Внуку Исидора Незнайко, в дополнение к сохранившимся в семье личным документам деда, его фотографиям, вырезкам из газет, удалось получить некоторые материалы из архива БРЭМа — Главного бюро по делам российских эмигрантов в Маньчжоу-Ди-Го — японской организации, созданной в Маньчжурии в конце 1934 года для контроля над русскими эмигрантами. После прекращения деятельности БРЭМа в 1945 году его архив был вывезен в Советский Союз, сейчас является российской собственностью и хранится в Хабаровске. В нем сохранились десятки тысяч дел на русских, живших в Маньчжурии, главным образом вдоль КВЖД, том числе и на нашего героя.
Теперь благодаря документам, составленным советской военной контрразведкой Смерш при задержании И.Я. Незнайко в 1945 году в Китае, мы можем документально подтвердить[151], что Исидор Незнайко родился в кубанской станице Ахтырской 27 мая 1893 года. Когда мальчику было три года, далеко от Кубани, в Петербурге, принято решение о строительстве Китайско-Восточной железной дороги, а уже в 1898 году в Харбин, для охраны и обороны столицы Русской Маньчжурии от китайских разбойников — хунхузов, прибыл первый отряд кубанских казаков, в котором находился отец мальчика штаб-трубач (старшина) вахмистр Яков Федорович Незнайко. Семейство Незнайко в полном составе (мать, дочь и сын Исидор) переселилось в Харбин через год, но уже в 1902 году мальчика пришлось отправить на родину — в Харбине еще не хватало школ. Однако вскоре после Русско-японской войны Исидор вернулся в Маньчжурию и стал участником важных событий. В своей автобиографии Исидор Незнайко вспоминал об этом так:«...был командирован в Японию, город Токио, как стипендиат Штаба округа, специально для изучения японского языка, и был для этой цели определен, вместе с другими семью человеками, в Духовную семинарию при Российской духовной миссии в Токио, где изучал японский язык под руководством начальника миссии [ныне] покойного Архиепископа Николая до 1912 года. В июне 1912 года закончил образование и изучение японского языка вместе с другими двумя товарищами»[152].

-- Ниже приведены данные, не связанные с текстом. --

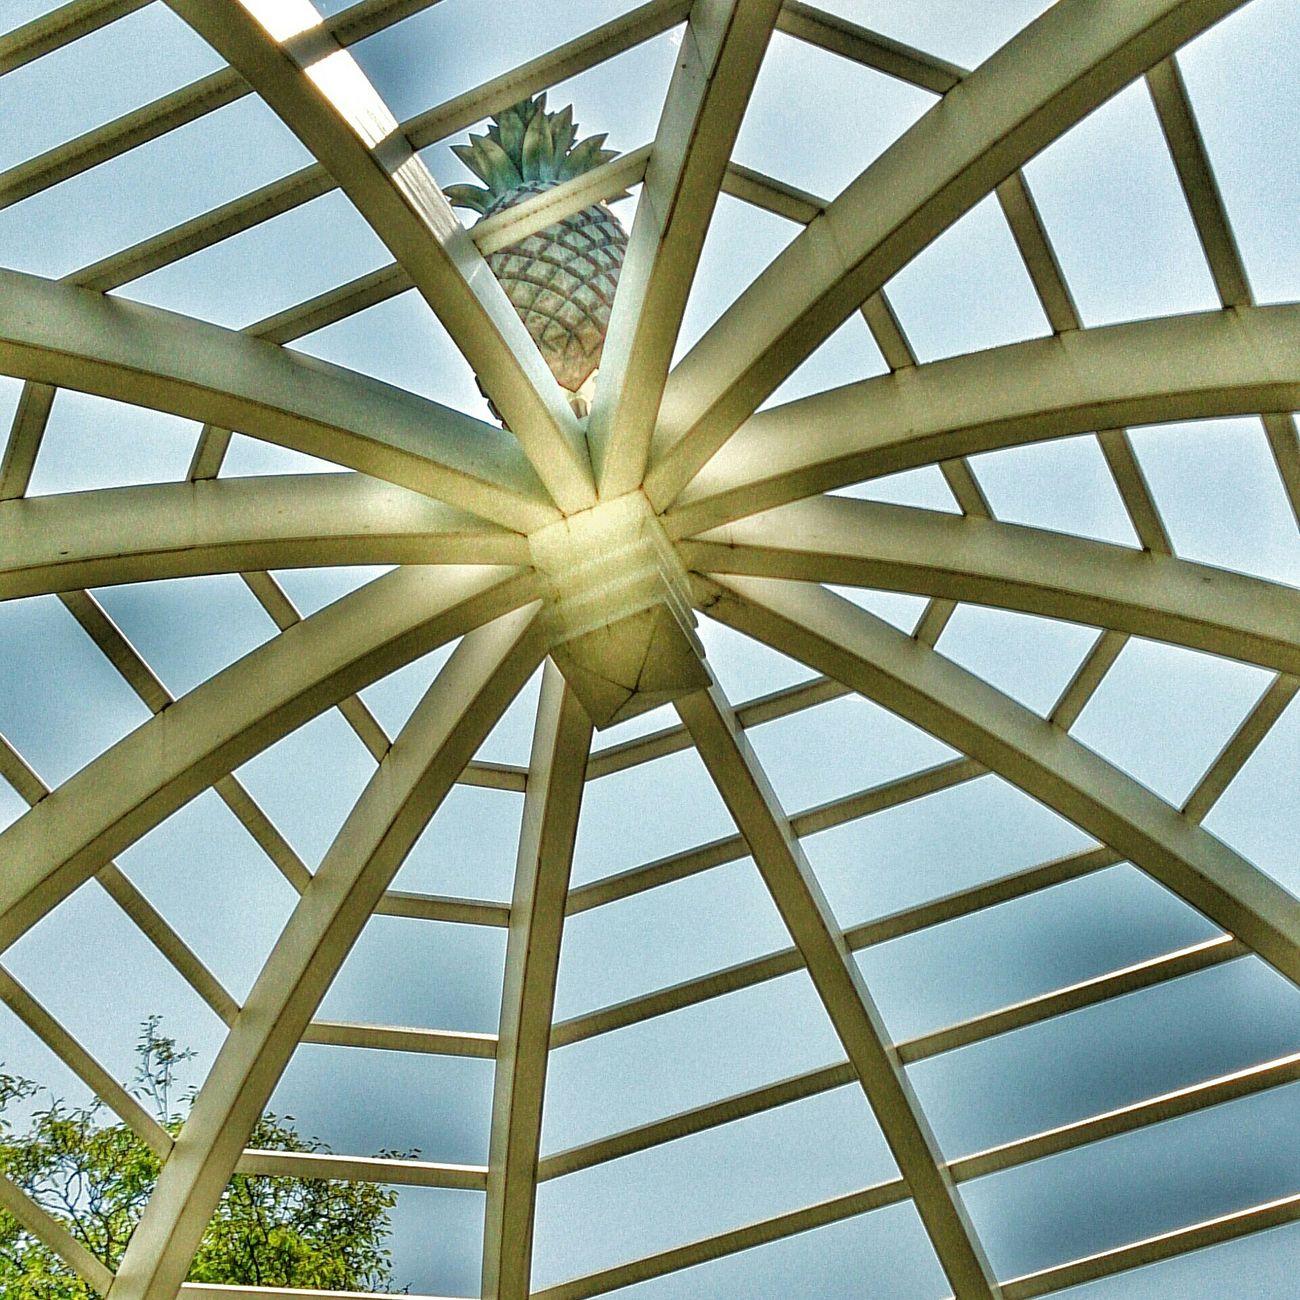 Ananas Pineapple Architecture Architektur Bogen Sunny Day Sonnig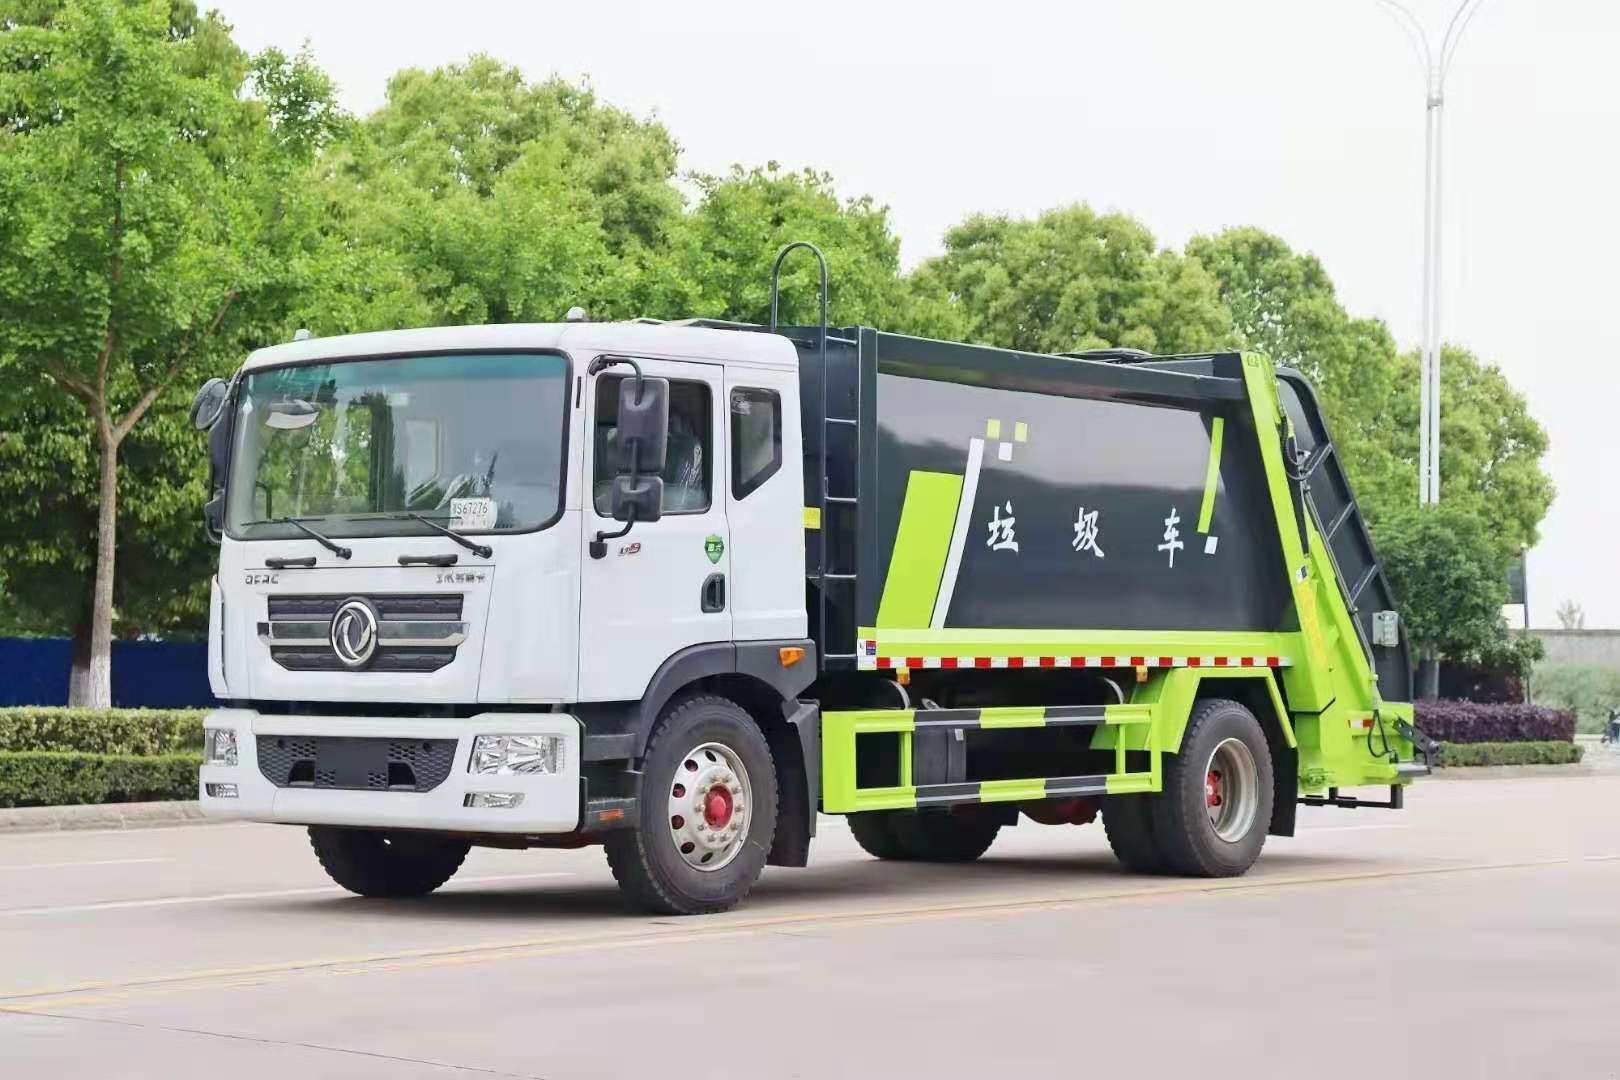 压缩垃圾车组成部分图片和压缩车价格后置挂桶选装配置

О недовольстве архиепископа Николая уровнем способностей присланных «казачат» мы помним из первой главы. В семье Незнайко сохранились предания о том, как их дед, будучи молодым семинаристом, оказывал помощь в переводах произведений Чехова и Пушкина супруге ректора семинарии Елене Сэнума, получившей широкую известность как поэтесса и переводчик русских классиков Сэнума Каё, и у нас нет причин сомневаться в правдивости этих рассказов (не об этом ли писал Е.Г. Спальвин?). Это означает, что уже в молодости Исидор Незнайко не относился к числу бесперспективных учеников, а был выбран в качестве помощника переводчика, способного сверять японский и русский тексты. Известно, правда, и о личных симпатиях жены ректора к некоторым русским студентам, и в семье Незнайко помнят, что их предок не был в этом смысле исключением.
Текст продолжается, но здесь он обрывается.